裴疏打完电话回来的时候,郁唐坐在轮椅上,还有点恍惚,没从陈松那句“裴教官”中回过味儿来。
搞半天秃鹫说的是他?
他默默看了眼裴疏的发顶,头发浓密有光泽,随时可以去拍霸王广告,可地中海形象仿佛在他脑海里买了海景房,赶都赶不走。
“怎么了?”裴疏接收到他的古怪视线,把手机往兜里一揣,“眼神怪渗人的,吓着了?”
郁唐抿唇,把到嘴边的地中海咽了下去,转开视线。
酒鬼们都散完了,只剩那幸运儿一站到底,被陈松反扭着按在一边。
“你们凭什么抓我!信不信我报警?”他手接好了,连带着中气也足了不少,但话音里总有那么点欲盖弥彰的心虚味道。
虽然裴疏什么都没说,但郁唐大致能猜出来,别是抓了什么逃犯之类吧。
要是这样都能撞上,姓裴的干脆改姓张好了。
后续怎么样他已经不感兴趣了,倒是林深的果汁更有吸引力些,遂对陆岚说:“我要进去。”
陆岚点头,马上点了两个人:“东子小龙,你们两个先把老板带进去,我们处理点事就来。”
*
公安局的车来得很快,丁洋一下车就奔过来,嗓门特大:“疏哥!”
裴疏点头,与同行的另外两位警察打过招呼后,指了下被陈松押着的人,说:“那个应该是个在逃通缉犯,我以前在边境打过交道,有印象。”
他们在来的路上应该被丁洋打过预防针了,因此并没有多问,走到那边去对嫌疑犯进行问询。
丁洋特激动,见同事走开了,直接上来就是一个熊抱:“疏哥,可算见着了!”
裴疏拍了拍他的后背,用力地回抱一下,然后放开:“是啊,咱都多少年没见了?”
“从我退伍后,到现在得有四五年了吧。”
裴疏有点感慨,当初他们一起从新兵连闯进侦察连,一直是同班上下铺,关系也最铁,后来他进X大队进军校,见面就少了。再后来洋子退伍,他在X大队忙得脚不沾地,连送别没能去,算是个遗憾,好在他们一直保持联系,这份战友情就这样延续到如今。
他看着洋子有些发福的脸,笑说:“你小子,看起来过得挺滋润啊。”
闻言洋子皱起个包子脸,长吁短叹:“哥,你是不知道,我这是虚的啊!最近太忙了,我妈就天天在家给我熬补汤送到局里,就怕我累死。刚才还在加班呢,要不是你那通电话,咱都不知道什么时候才能见上面!”

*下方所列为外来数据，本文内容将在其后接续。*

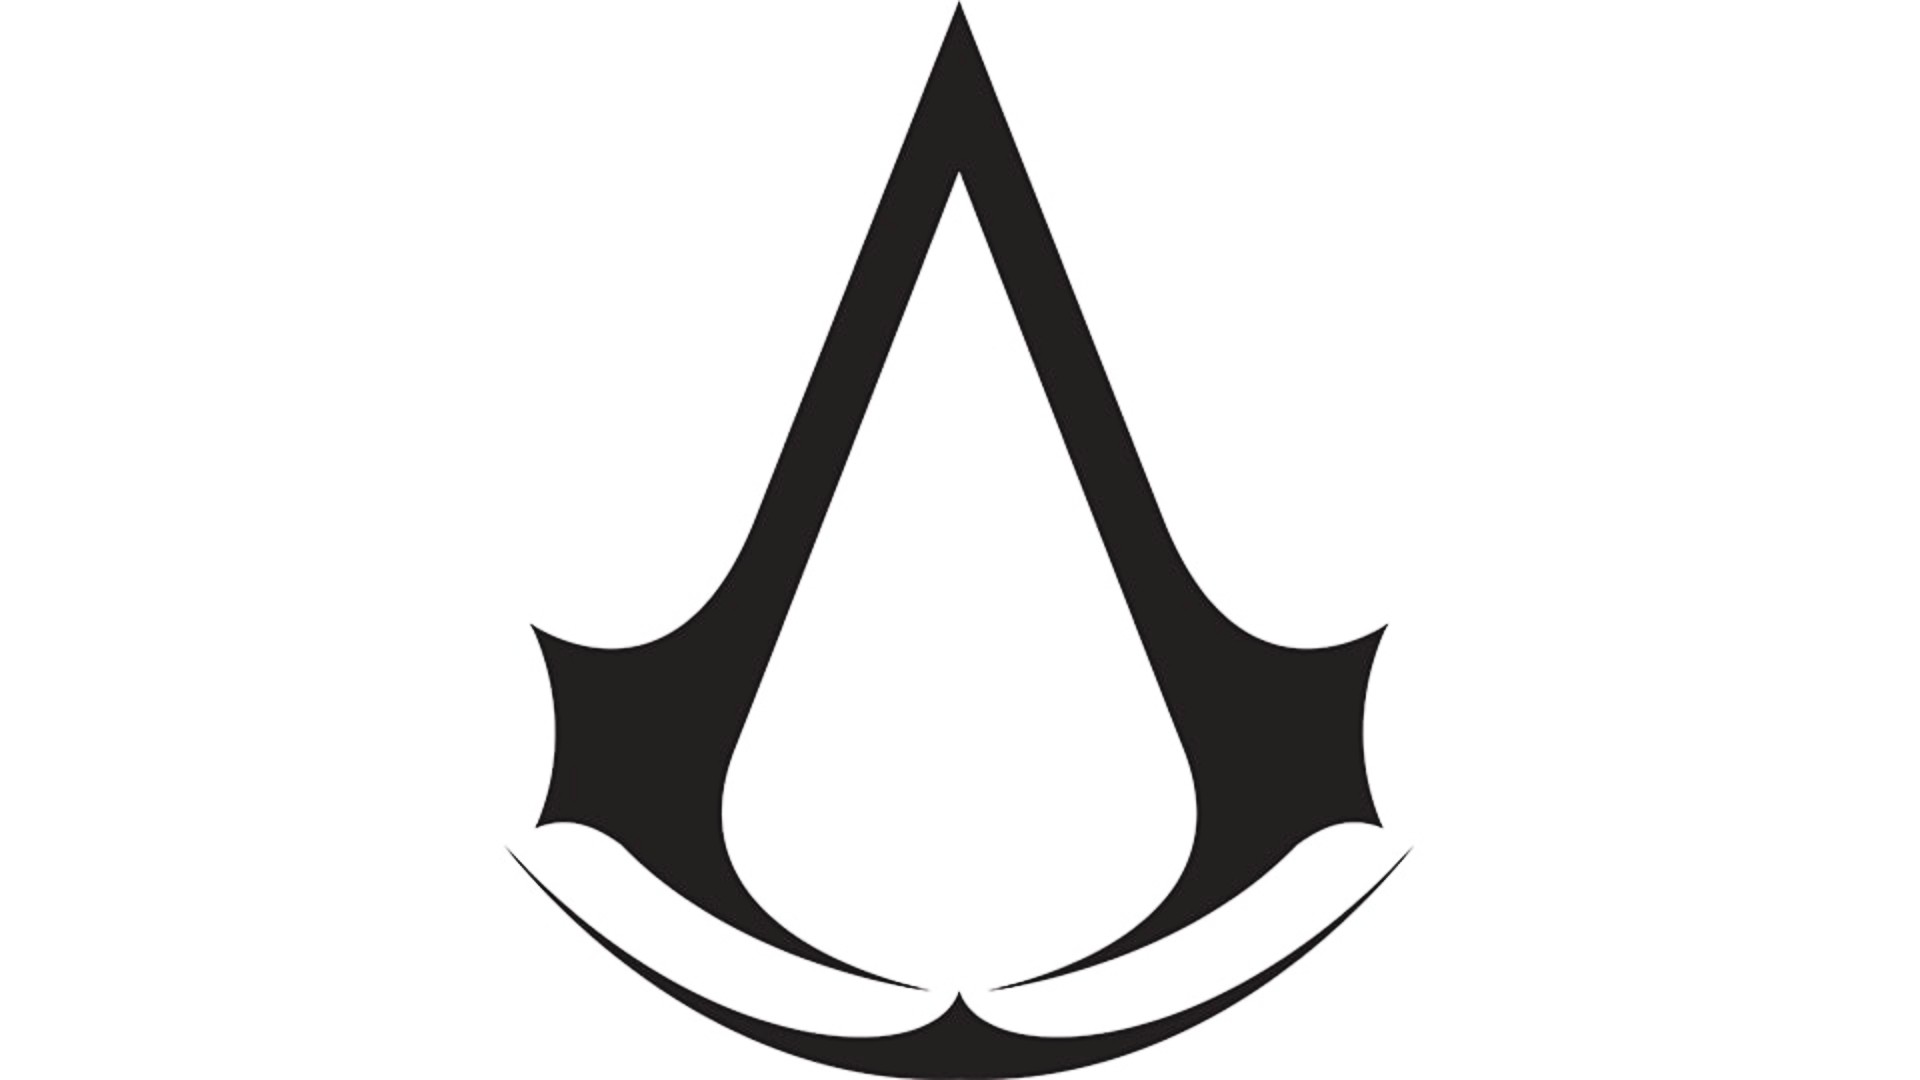 Assassin's Creed Infinity là một dự án xuyên phòng thu từ đội Valhalla và Odyssey

他们叙了会儿旧,那边已经问得差不多了,两个警察把那流氓拷了,带到裴疏面前,和他握了握手:“同志,非常感谢你提供的帮助,这人我们先带回局里,后续可能还会请你来局里配合工作。”
丁洋摆手,拍着裴疏的肩,很不见外:“都是兄弟,别跟他客气!”
裴疏瞥他一眼,颔首:“好。”
丁洋回头看了眼警车,人都上去了,就等他一个,他脸上满是不舍,抬起手:“疏哥,今天就只能这样了,下次我抽出时间来,咱们再聚。”

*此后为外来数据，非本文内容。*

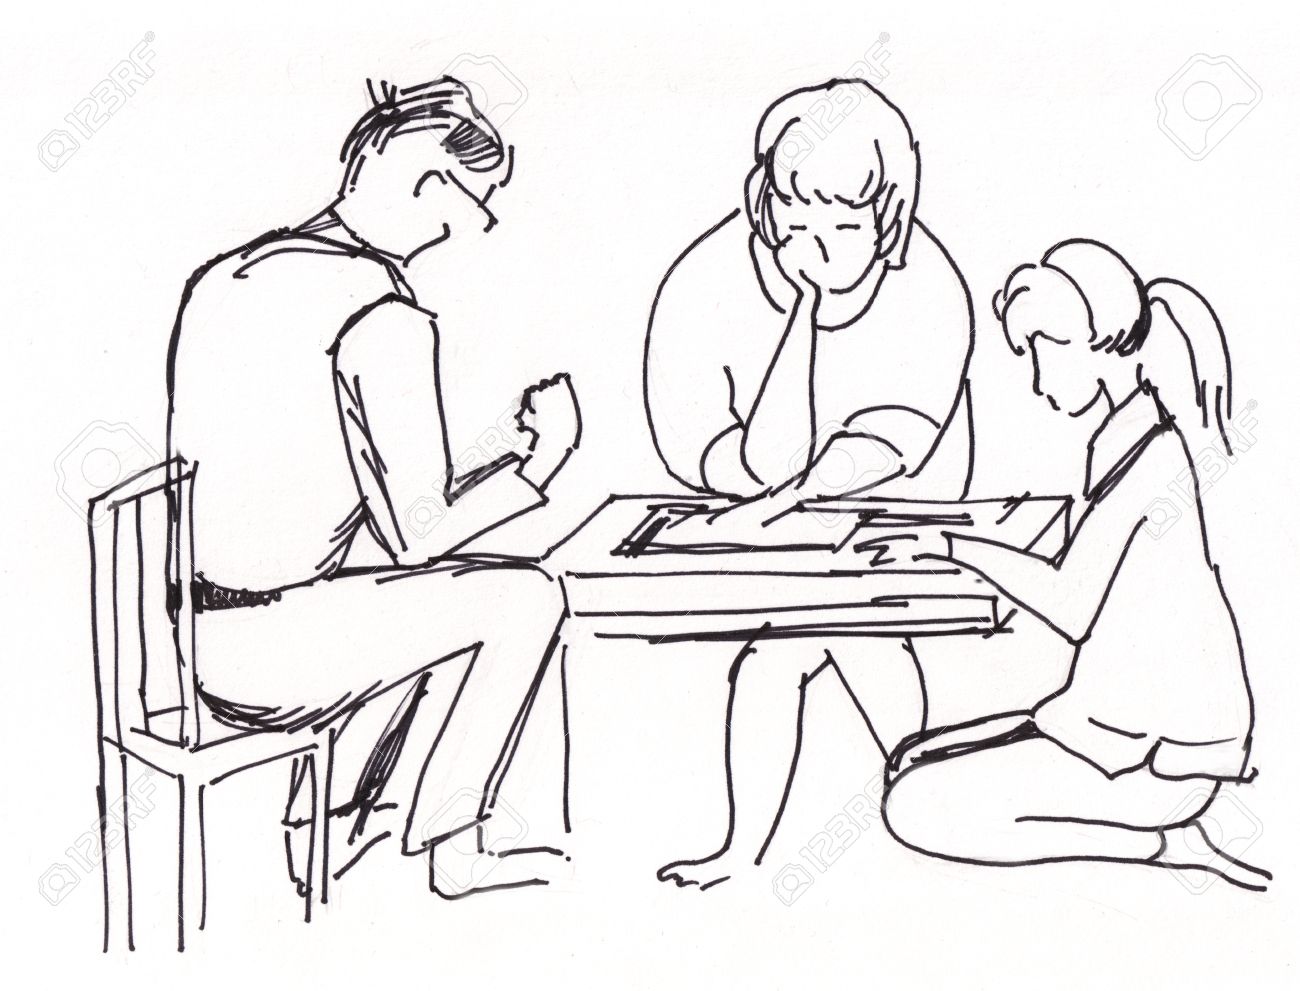 drawingboard game drawit

裴疏像以前两人合作时一样与他击掌,握了握:“行,注意身体,快走吧。”
警车闪着红蓝灯呜哩呜哩开走了,裴疏回头,发现陈松还在,跟站岗似的立得笔直,顿时就给逗乐了:“放松点,我早就不是教官了,这里也不是部队。”
陈松立正:“是!”
裴疏哭笑不得,看他这反应,他以前有那么变态吗?算了由他去吧,随即拍了下他的肩,往酒吧门一抬下巴:“进去吧。”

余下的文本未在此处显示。